Ten Olympic events worth bringing back
Published 5:00 am Tuesday, May 22, 2012
As the Olympics have grown and been modernized, many events have fallen by the wayside. While many are unmourned — does anyone miss club swinging? — others could easily return to the program. Here are the 10 events that would be most exciting to resurrect. (Hat tip to “The Complete Book of the Olympics” and Sports Reference’s Olympics section for much of the history below.)
10. The 12-hour Bicycle Race (1896)
The riders got on their bikes at 7 a.m. and rode until 7 p.m. The winner, Adolf Schmal of Austria, managed about 180 miles, and only two competitors finished, but couldn’t today’s ultramarathon set turn this into a real test of man and machine?
9. Softball (1996-2008)
Baseball was dumped after the last Olympics: There was concern that the best players weren’t participating because the Games take place during the Major League Baseball season. Softball was presumably thrown overboard along with it for gender equity reasons. But the best women did play in the tournament, and depth was improving: Though the United States won the first three gold medals, Japan won in 2008. Softball games are seven-inning, often low-scoring affairs in which every pitch can be crucial. They can make for more enjoyable viewing than an 11-6 baseball game.
8. Cricket (1900)
Cricket should come back, but in a new format: Twenty20, an action-packed variant in which games last only a couple of hours rather than several days. This is a fast-growing form of the game, popular in South Africa, the subcontinent, the Caribbean and Australia as well as its birthplace, Britain.
7. Sixteen-man Naval Rowing Boats with Coxswain (1906)
The eights is the marquee rowing event at the Games. So how fantastic would a 16-man boat race be?
6. 200-meter Swimming Obstacle Race (1900)
How to make the 200-meter freestyle more exciting? Make the competitors climb a pole, clamber over a row of boats and swim under another row of boats.
5. Tandem Bicycle 2,000-meter Sprint
(1906-1972)
A bicycle built for two doesn’t seem so quaint when it is racing at top speed on a steeply banked velodrome.
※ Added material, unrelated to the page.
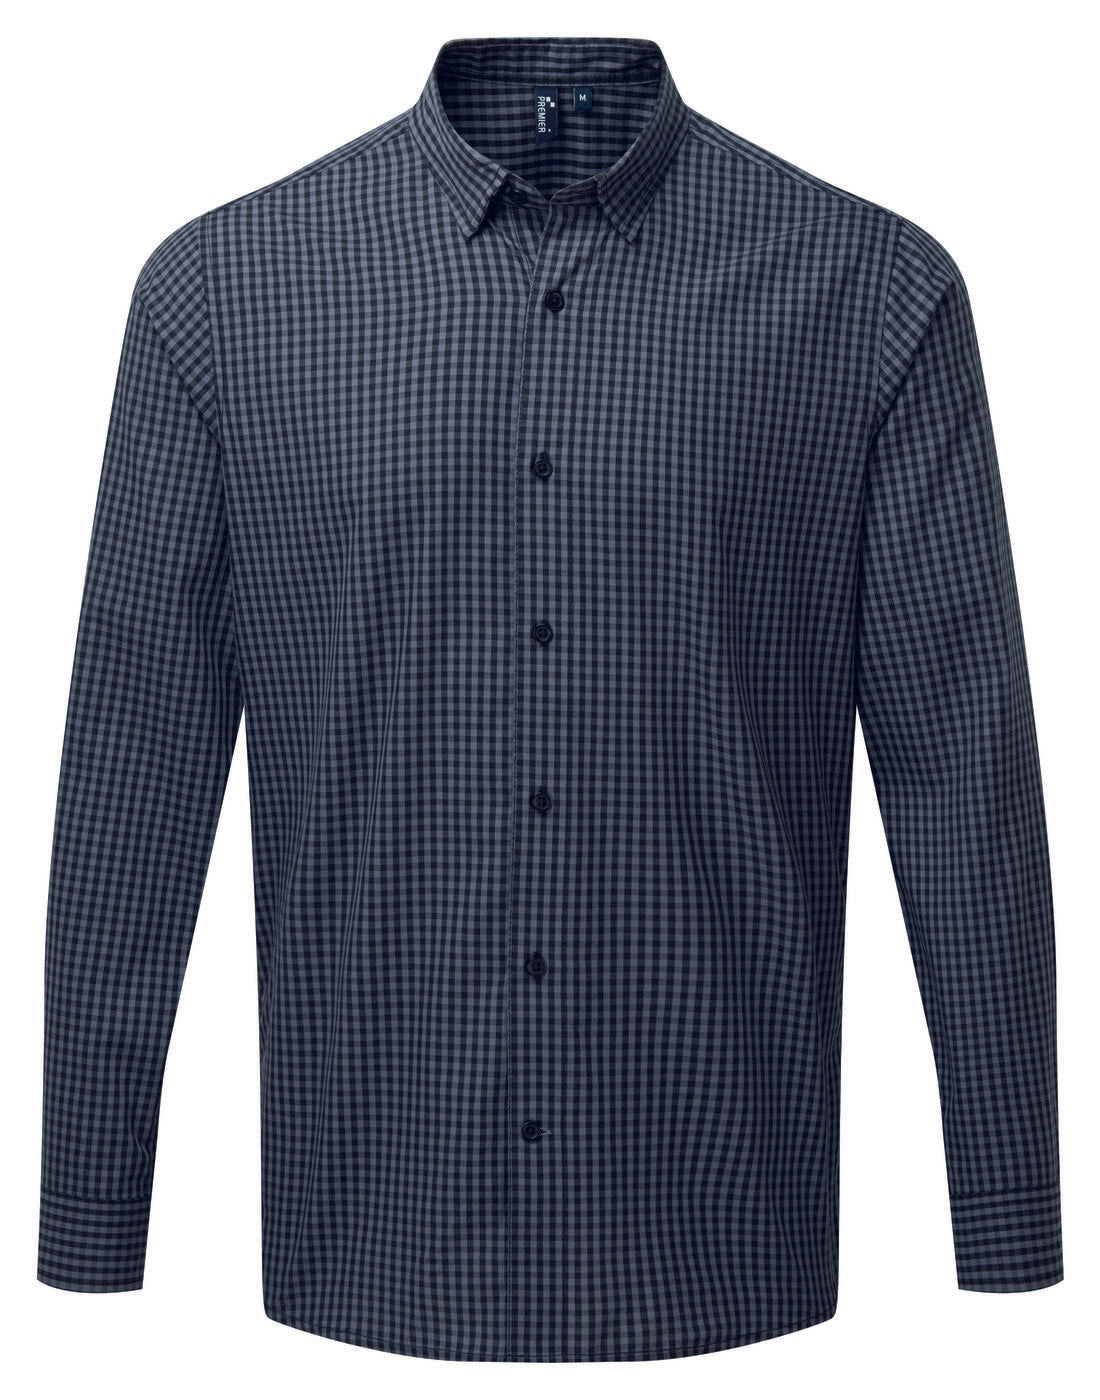 Premier 'Maxton' Check - Men's Long Sleeve Shirt

Expect crashes.
4. Javelin, Both Hands, (1912)
In this event, competitors threw with the left and the right hand, and were ranked by the total distance of both throws. Shouldn’t ambidextrous people have an Olympic event to call their own? (There were similar events for shot put and discus, too.)
3. Dueling Pistol (1906)
No actual duels were fought, alas. Rather, contestants shot at a dummy dressed in a frock coat. Shooting events tend to be rather dull to watch, but they would have a chance with creative thinking like this.
2. Cross-country Race (1912-1924)
Quoting from “The Complete Book of the Olympics” about the 1924 event, which was held on a hot day over a difficult course:
“One after another, strong athletes staggered onto the track. … Out on the roads there had been worse scenes of carnage, as various contestants were overcome by sunstroke and vomiting. Hours later, the Red Cross and Olympic officials were still searching the sides of the road for missing runners.
“This event proved to be an almost total disaster, which put an end to cross-country races in the Olympics.”
Wait. Put an end to cross-country? A race that entertaining should have enshrined cross-country permanently in the Games!
1. Tug Of War (1900-1920)
We’ve all participated in tugs at a church picnic or a school sports day. They’re fun. And why wouldn’t a bunch of burly guys pulling for their countries be riveting? Tug of war is already recognized by the International Olympic Committee, and the world governing body has 59 member nations.
Hold the tug on the final day, and require that all members of the team be participants in other sports. An interdisciplinary tug team of weight lifters, shot putters and heavyweight boxers would be a grand example of the spirit of the Olympics. And more entertaining than a lot of current Olympic sports.